Distributed containment control for multi-agent systems with time delay is investigated, where the communication topology is directed. Different from the existing literature which mainly focuses on general linear dynamics with time delay, containment control of nonlinear dynamics is discussed with the help of a new follower-based time-varying delays control protocol. Furthermore, there always exist uncertainties in the controller and observer gain matrices, a novel class of non-fragile containment control with time delay is addressed for the first time, which can be more applicable and more significant to real physical systems.
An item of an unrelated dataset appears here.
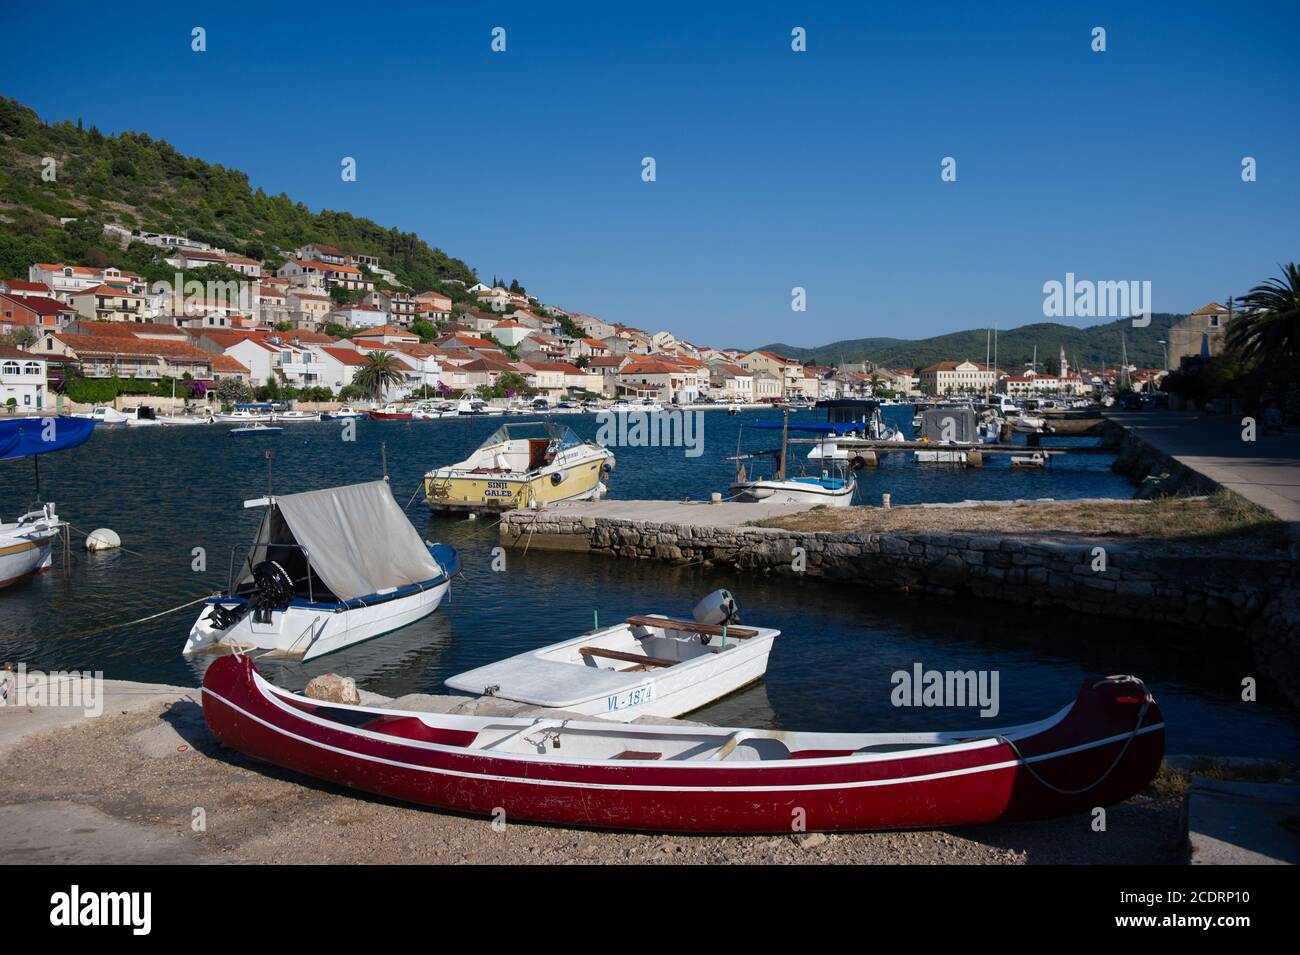 Small recreational boats at rest in a sleepy Adriatic port village. Stock Photo

By making use of the convex analysis, algebraic graph theory, matrix transformation and Lyapunov theory, it is derived that the obtained results are cast as feasible linear matrix inequalities and the states of the followers finally converge to the convex hull formed by the leaders. Finally, two simulation examples of nine-agents topology are presented to verify the validity of obtained theoretical analysis.

Disclosure statement

No potential conflict of interest was reported by the author(s).

Additional information

Funding

This work was supported by National Natural Science Foundation of China [grant numbers 61973050 and 61773089] by Fundamental Research Funds for the Central Universities under [grant numbers DUT20GJ209 and DUT20JC14].

Notes on contributors

Tuo Zhou

Tuo Zhou received the BS degree from the Wuhan University of Science and Technology, Hubei, China, in 2012. He is currently pursuing the PhD degree with the School of Control Science and Engineering, Dalian University of Technology, Dalian, China. His current research interests include event-triggered control, consensus and containment control.

Quanli Liu

Quanli Liu received the PhD degree in control theory and control engineering from the Dalian University of Technology, Dalian, China, in 2005. Since 2005, he has been with the Dalian University of Technology, where he is currently a Professor with the Faculty of Electronic Information and Electrical Engineering. His research interests include process industry process planning, decision-making, optimization scheduling and embedded system research.

Dong Wang

Dong Wang received the PhD degree in control theory and control engineering from the Dalian University of Technology, China, in 2010. Since 2010, he has been with the Dalian University of Technology, where he is currently a professor with the School of Control Science and Engineering. His current research interests include multiagent systems, distributed optimization, fault detection and switched systems.

Wei Wang

Wei Wang received the bachelor’s, master’s, and PhD degrees in industrial automation from Northeastern University, Shenyang, China, in 1982, 1986, and 1988, respectively. He was a Postdoctoral Fellow with the Division of Engineering Cybernetics, Norwegian University of Science and Technology, Trondheim, Norway, from 1990 to 1992, a Professor and the Vice Director of the Research Center of Automation, Northeastern University from 1995 to 1999, and a Research Fellow with the Department of Engineering Science, University of Oxford, Oxford, U.K., from 1998 to 1999. He is currently a Professor with the School of Control Science and Engineering, Dalian University of Technology, Dalian, China. He has authored the two books in Chinese titled Generalized Predictive Control Theory and Its Applications (Science Publishing House, China, 1997) and Multimodel Control and Its Applications (Science Publishing House, China, 2002). He has published over 200 papers in international and domestic journals. His research interests are in adaptive control, predictive control, robotics, computer integrated manufacturing systems, and computer control of industrial process.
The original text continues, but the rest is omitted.